15 O Senhor porém disse-lhe: Portanto qualquer que matar a Caim, sete vezes será castigado. E pôs o Senhor um sinal em Caim, para que o não ferisse qualquer que o achasse.
Bunun üzerine RAB, “Seni kim öldürürse, ondan yedi kez öç alınacak” dedi.
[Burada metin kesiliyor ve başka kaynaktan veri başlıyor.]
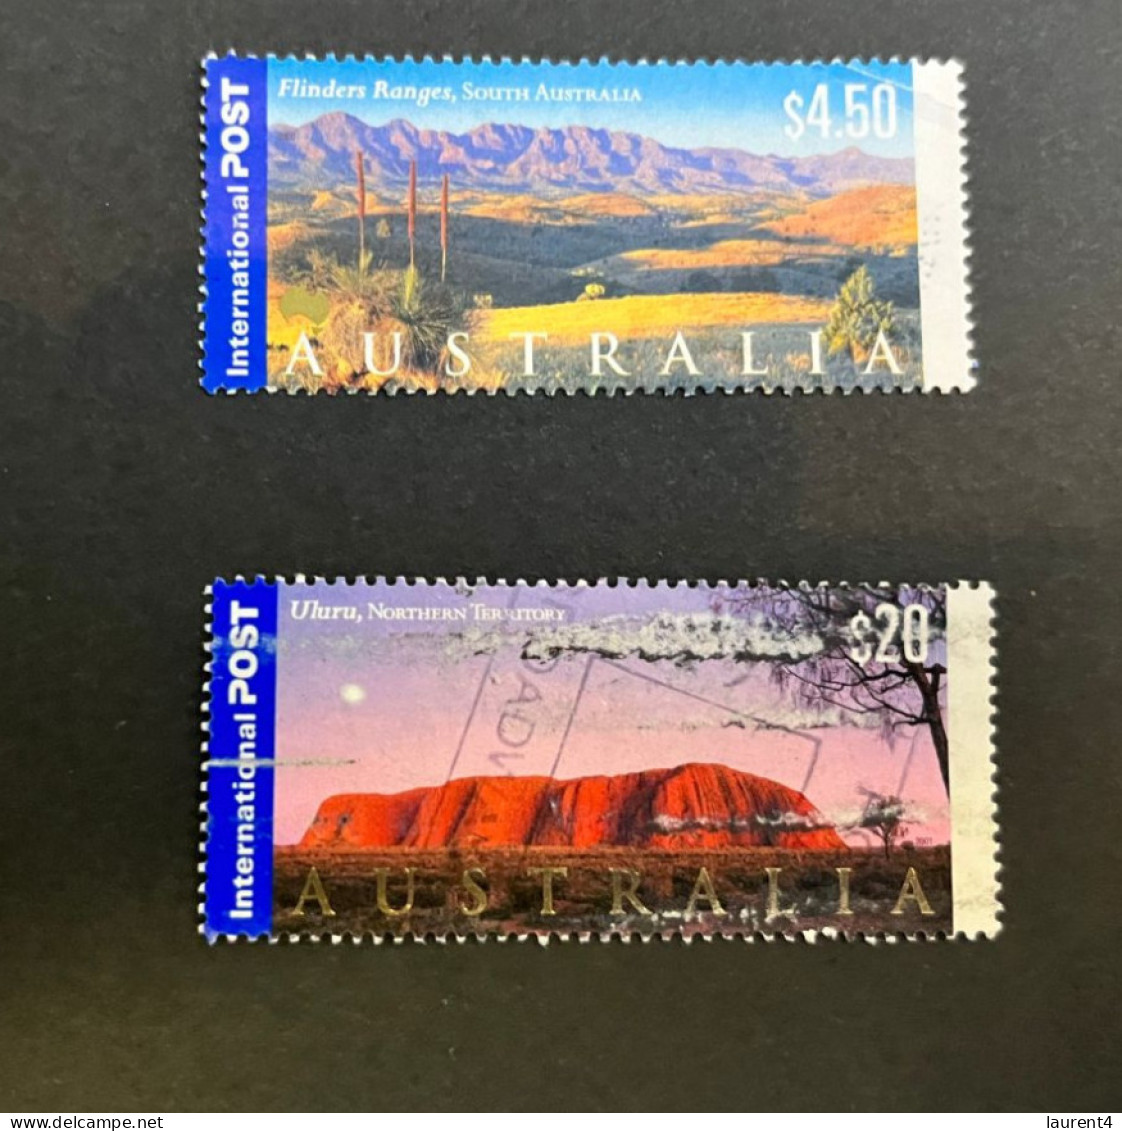 14-5-2024 (stamp) Used / Obliterer - Australia - 2 HIGHER Values Stamps (include $ 20.00 Stamp) - Nuevos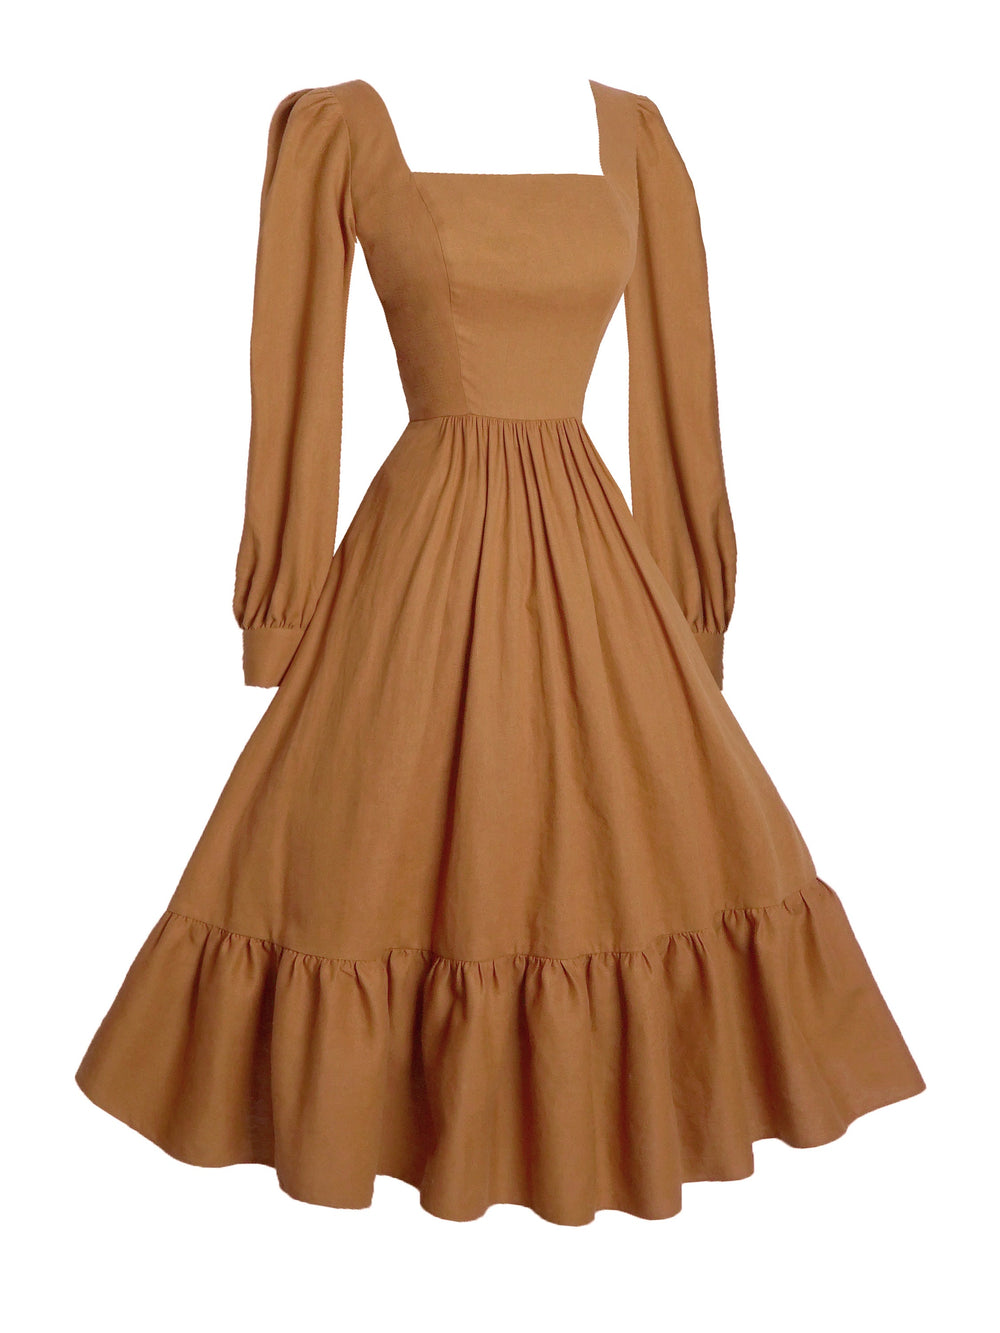 MTO - Mary Dress in Caramel Linen

Kimse bulup öldürmesin diye Kayin'in üzerine bir nişan koydu.
16 E saiu Caim de diante da face do Senhor, e habitou na terra de Nod, da banda do oriente do Éden.
Kayin RAB'bin huzurundan ayrıldı. Aden bahçesinin doğusunda, Nod topraklarına yerleşti.
17 E conheceu Caim a sua mulher, e ela concebeu, e pariu a Enoch: e ele edificou uma cidade, e chamou o nome da cidade pelo nome de seu filho Enoch:
Kayin karısıyla yattı. Karısı hamile kaldı ve Hanok'u doğurdu. Kayin o sırada bir kent kurmaktaydı. Kente oğlu Hanok'un adını verdi.
18 E a Enoch nasceu Irad, e Irad gerou a Mehujael, e Mehujael gerou a Methusael e Methusael gerou a Lamech.
Hanok'tan İrat oldu. İrat'tan Mehuyael, Mehuyael'den Metuşael, Metuşael'den Lemek oldu.
19 E tomou Lamech para si duas mulheres: o nome de uma era Ada, e o nome da outra, Zilla.
Lemek iki kadınla evlendi. Birinin adı Âda, öbürünün ise Silla'ydı.
20 E Ada pariu a Jabal: este foi o pai dos que habitam em tendas, e tem gado.
Âda Yaval'ı doğurdu. Yaval sürü sahibi göçebelerin atasıydı.
21 E o nome do seu irmão era Jubal: este foi o pai de todos os que tocam harpa e órgão.
Kardeşinin adı Yuval'dı. Yuval lir ve ney çalanların atasıydı.
22 E Zilla também pariu a Tubalcaim, mestre de toda a obra de cobre e de ferro: e a irmã de Tubalcaim foi Naama.
Silla Tuval-Kayin'i doğurdu. Tuval-Kayin tunç ve demirden çeşitli kesici aletler yapardı. Tuval-Kayin'in kızkardeşi Naama'ydı.
23 E disse Lamech a suas mulheres: Ada e Zilla, ouvi a minha voz; vós, mulheres de Lamech, escutai o meu dito; porque eu matei um varão por minha ferida, e um mancebo por minha pisadura.
Lemek karılarına şöyle dedi: “Ey Âda ve Silla, beni dinleyin, Ey Lemek'in karıları, sözlerime kulak verin. Beni yaraladığı için Bir adam öldürdüm, Beni hırpaladığı için Bir genci öldürdüm.
24 Porque sete vezes Caim será castigado; mas Lamech setenta vezes sete.
Kayin'in yedi kez öcü alınacaksa, Lemek'in yetmiş yedi kez öcü alınmalı.”
25 E tornou Adão a conhecer a sua mulher; e ela pariu um filho, e chamou o seu nome Seth; porque, disse ela, Deus me deu outra semente em lugar de Abel; porquanto Caim o matou.
Adem karısıyla yine yattı. Havva bir erkek çocuk doğurdu. “Tanrı Kayin'in öldürdüğü Habil'in yerine bana başka bir oğul bağışladı” diyerek çocuğa Şit adını verdi.
26 E a Seth mesmo também nasceu um filho; e chamou o seu nome Enos: então se começou a invocar o nome do Senhor.
Şit'in de bir oğlu oldu, adını Enoş koydu. O zaman insanlar RAB'bi adıyla çağırmaya başladı.